GridSearchCV(cv=5, error_score='raise',
       estimator=DecisionTreeClassifier(class_weight=None, criterion='gini', max_depth=None,
            max_features=None, max_leaf_nodes=None,
            min_impurity_split=1e-07, min_samples_leaf=1,
            min_samples_split=2, min_weight_fraction_leaf=0.0,
            presort=False, random_state=None, splitter='best'),
       fit_params={}, iid=True, n_jobs=-1,
       param_grid={'max_features': [None, 'auto'], 'min_samples_split': [2, 5, 7], 'max_depth': [3, 5, 10, 20], 'min_samples_leaf': [1, 3, 5, 7, 10]},
       pre_dispatch='2*n_jobs', refit=True, return_train_score=True,
       scoring=None, verbose=0)

In [9]:
print tree_grid.best_params_
print tree_grid.best_score_

{'max_features': 'auto', 'min_samples_split': 2, 'max_depth': 20, 'min_samples_leaf': 7}
0.947275922671


No, the score isn't better but I'm sure is supposed to be

In [None]:
params = {"base_estimator__max_depth": [3,5,10,20],
          "base_estimator__max_features": [None, "auto"],
          "base_estimator__min_samples_leaf": [1, 3, 5, 7, 10],
          "base_estimator__min_samples_split": [2, 5, 7],
          'bootstrap_features': [False, True],
          'max_features': [0.5, 0.7, 1.0],
          'max_samples': [0.5, 0.7, 1.0],
          'n_estimators': [2, 5, 10, 20],
         }
    

bagging_grid = GridSearchCV(bag, params, n_jobs=-1, cv=5)
bagging_grid.fit(X,y)

In [None]:
print bagging_grid.best_params_
print bagging_grid.best_score_

## 2 Diabetes and Regression

Scikit Learn has a dataset of diabetic patients obtained from this study:

http://www4.stat.ncsu.edu/~boos/var.select/diabetes.html
http://web.stanford.edu/~hastie/Papers/LARS/LeastAngle_2002.pdf

442 diabetes patients were measured on 10 baseline variables: age, sex, body mass index, average blood pressure, and six blood serum measurements.
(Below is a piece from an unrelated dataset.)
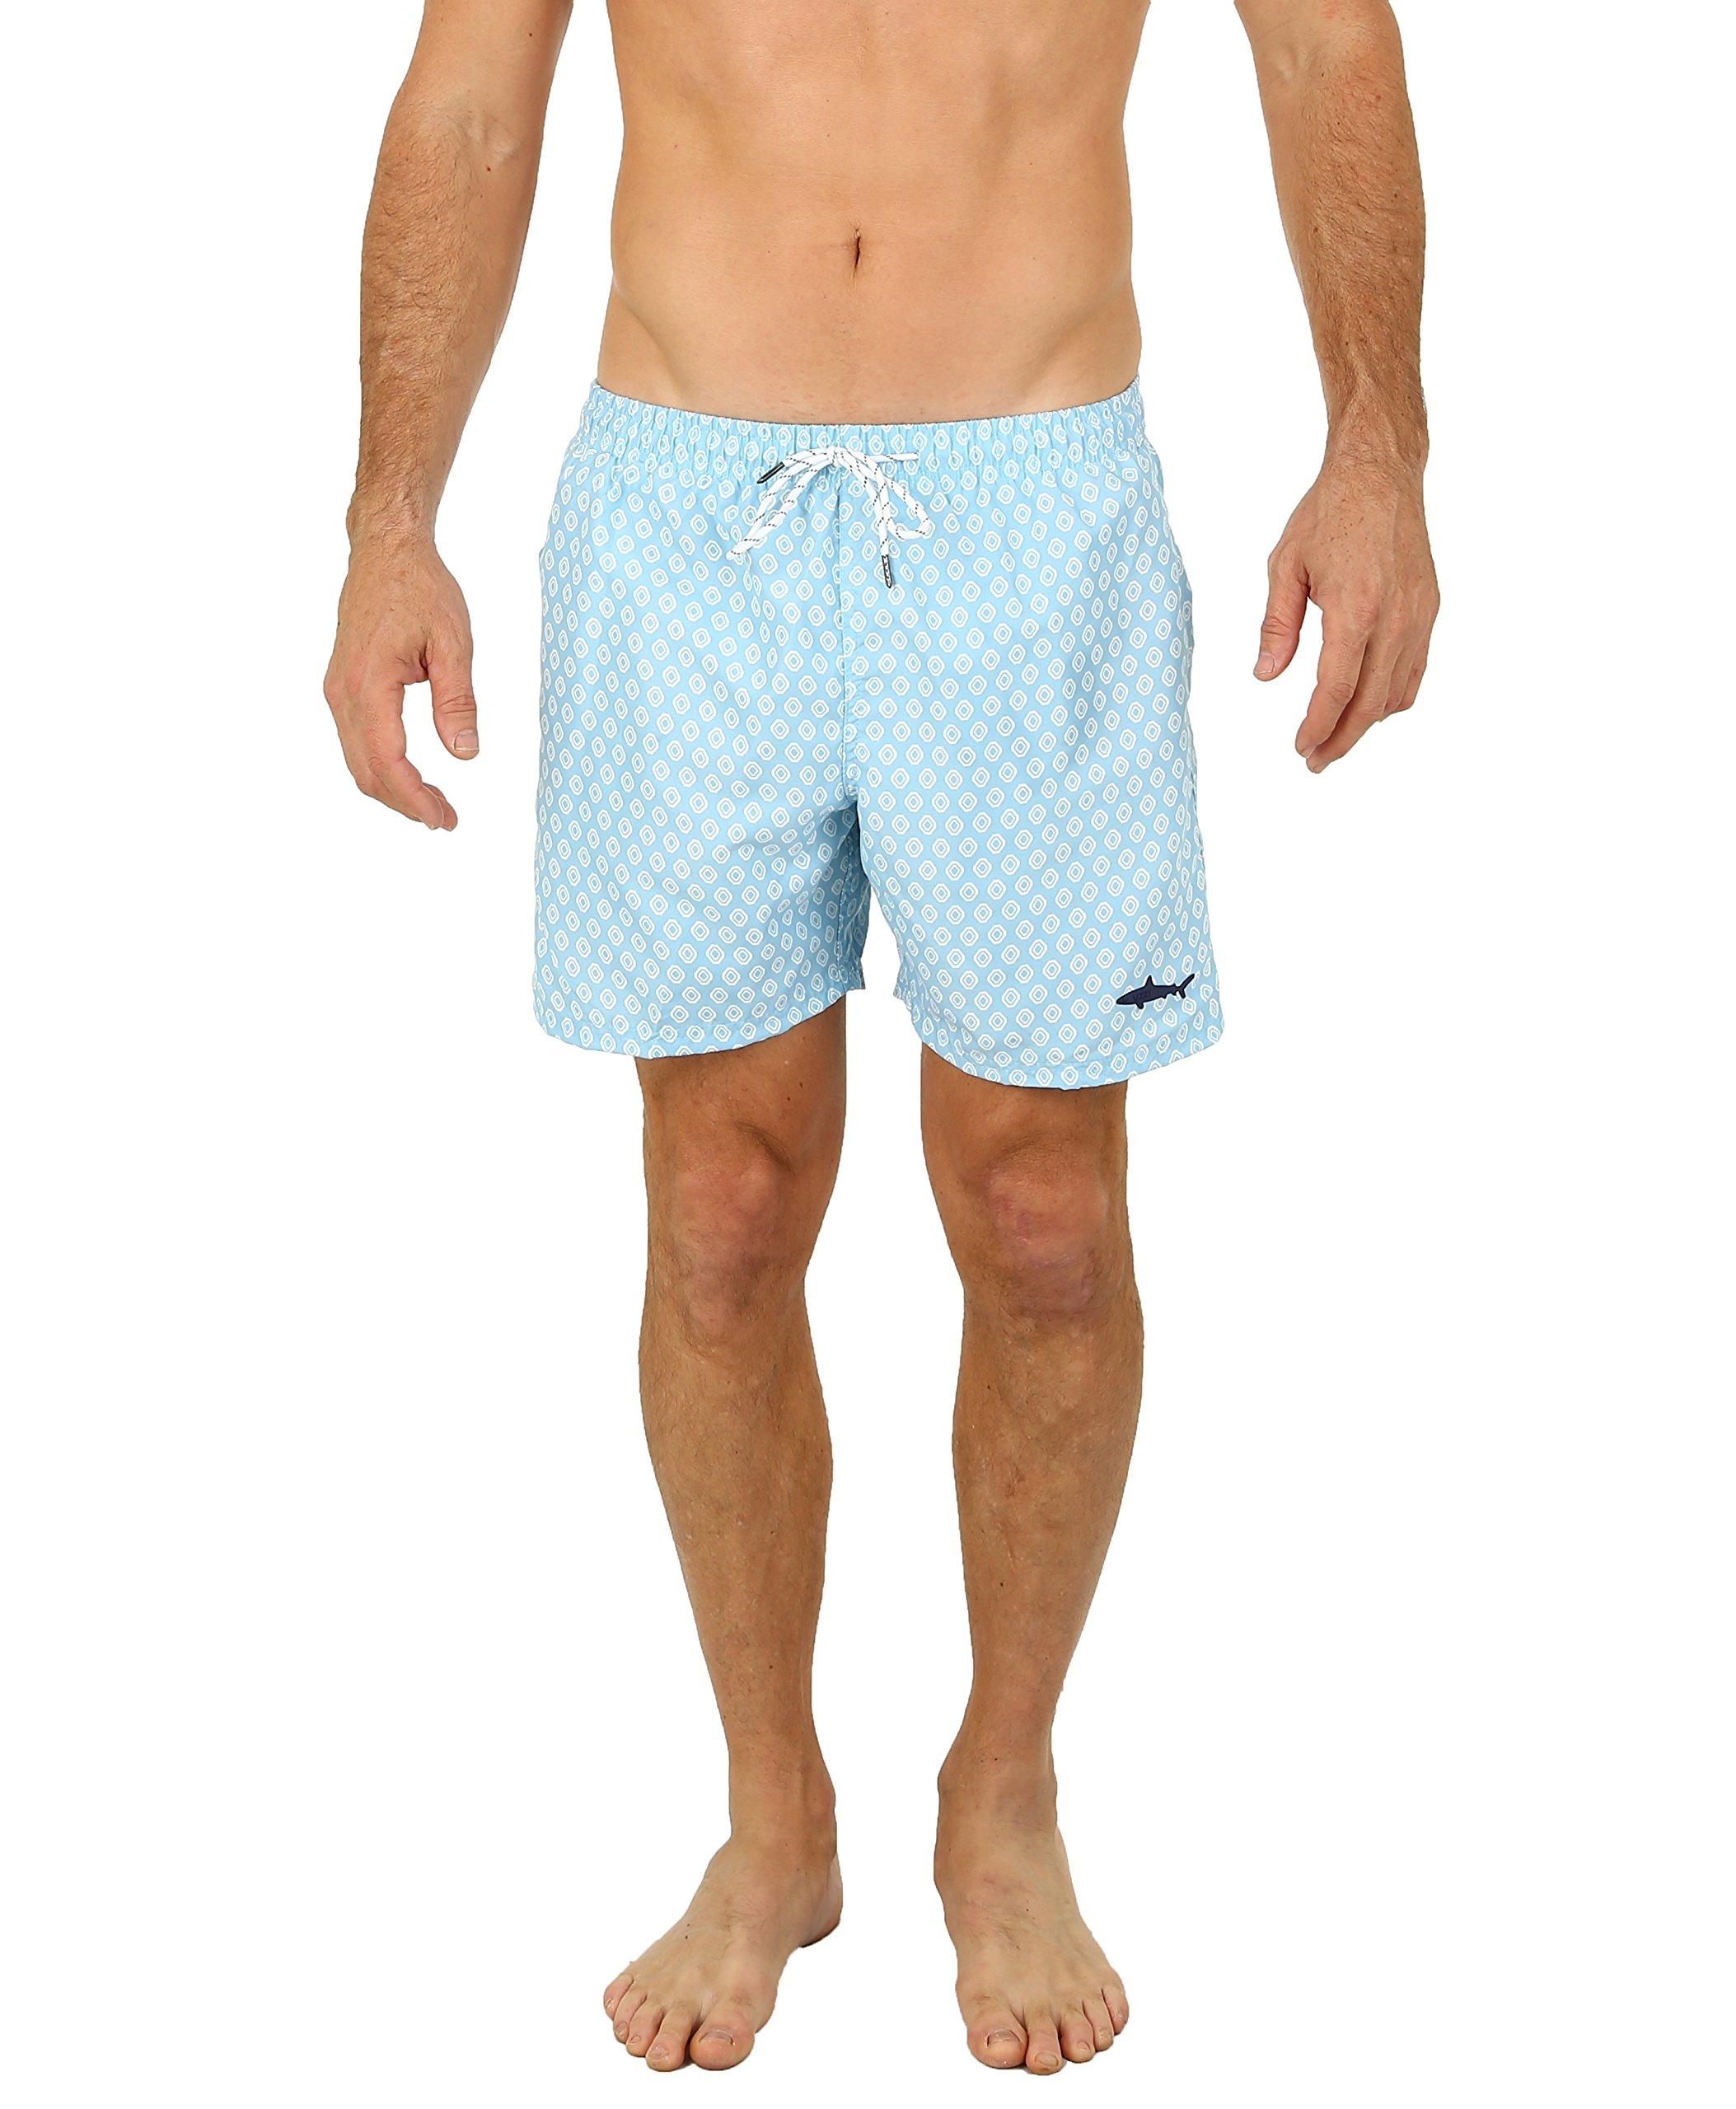 UZZI Men's Malibu Swim Trunks Aqua M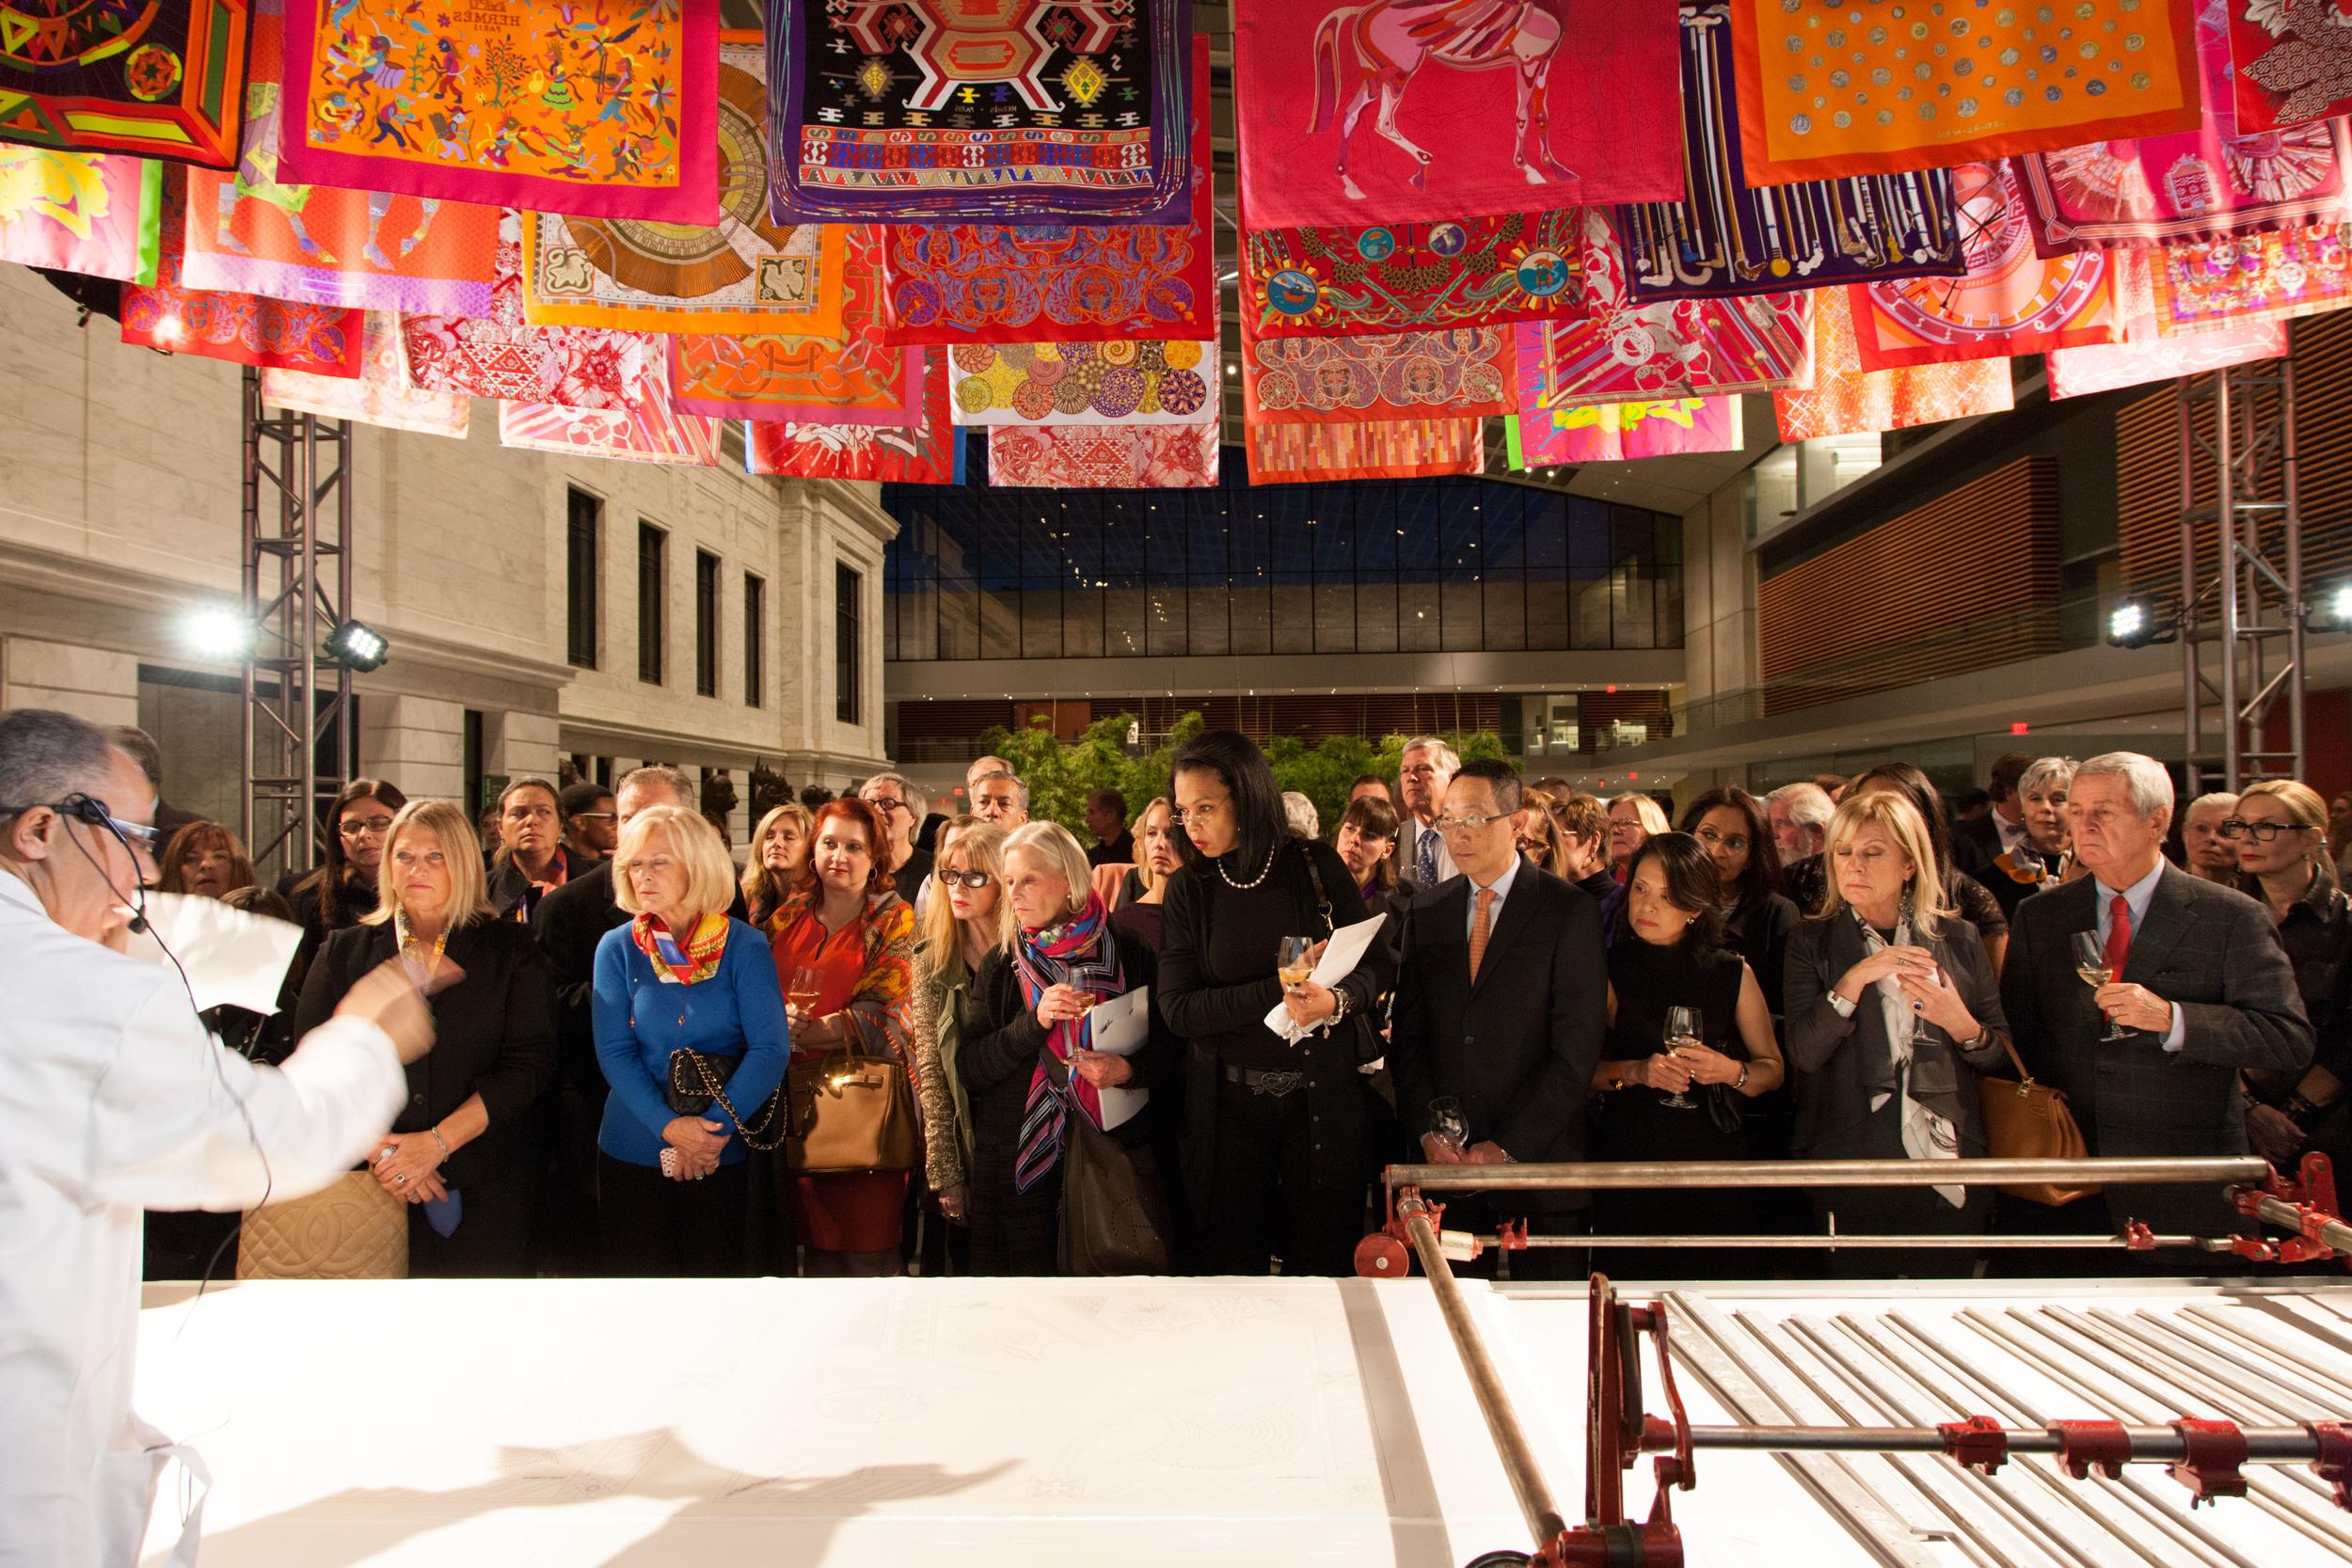 Hermes Silk Printing Exhibition & Demonstration

The target is a quantitative measure of disease progression one year after baseline.

Repeat the above comparison between a DecisionTreeRegressor and a Bagging version of the same.

### 2.a Simple comparison
1. Load the data and create X and y
- Initialize a Decision Tree Regressor and use cross_val_score to evaluate it's performance. Set crossvalidation to 5-folds. Which score will you use?
- Wrap a Bagging Regressor around the Decision Tree Regressor and use cross_val_score to evaluate it's performance. Set crossvalidation to 5-folds. 
- Which score is better? Are the score significantly different? How can you judge that?

In [24]:
from sklearn.datasets import load_diabetes
from sklearn.tree import DecisionTreeRegressor
diabetes = load_diabetes()
X = diabetes['data']
y = diabetes['target']



tree_r = DecisionTreeRegressor()
print cross_validate(tree_r).mean()


bagging_reg = BaggingClassifier(tree_r)
print cross_validate(bagging_reg).mean()


-0.150959103114


  proba[i, predictions[i]] += 1
  proba[i, predictions[i]] += 1
  proba[i, predictions[i]] += 1
  proba[i, predictions[i]] += 1


0.0487671169929


### 2.b Grid Search

Repeat Grid search as above:

1. Initialize a GridSearchCV with 5-fold cross validation for the Decision Tree Regressor
- Search for few values of the parameters in order to improve the score of the regressor
- Use the whole X, y dataset for your test
- Check the best\_score\_ once you've trained it. Is it better than before?
- How does the score of the Grid-searched DT compare with the score of the Bagging DT?
- Initialize a GridSearchCV with 5-fold cross validation for the Bagging Decision Tree Regressor
- Repeat the search
    - Note that you'll have to change parameter names for the base_estimator
    - Note that there are also additional parameters to change
    - Note that you may end up with a grid space to large to search in a short time
    - Make use of the n_jobs parameter to speed up your grid search
- Does the score improve for the Grid-searched Bagging Regressor?
- Which score is better? Are the score significantly different? How can you judge that?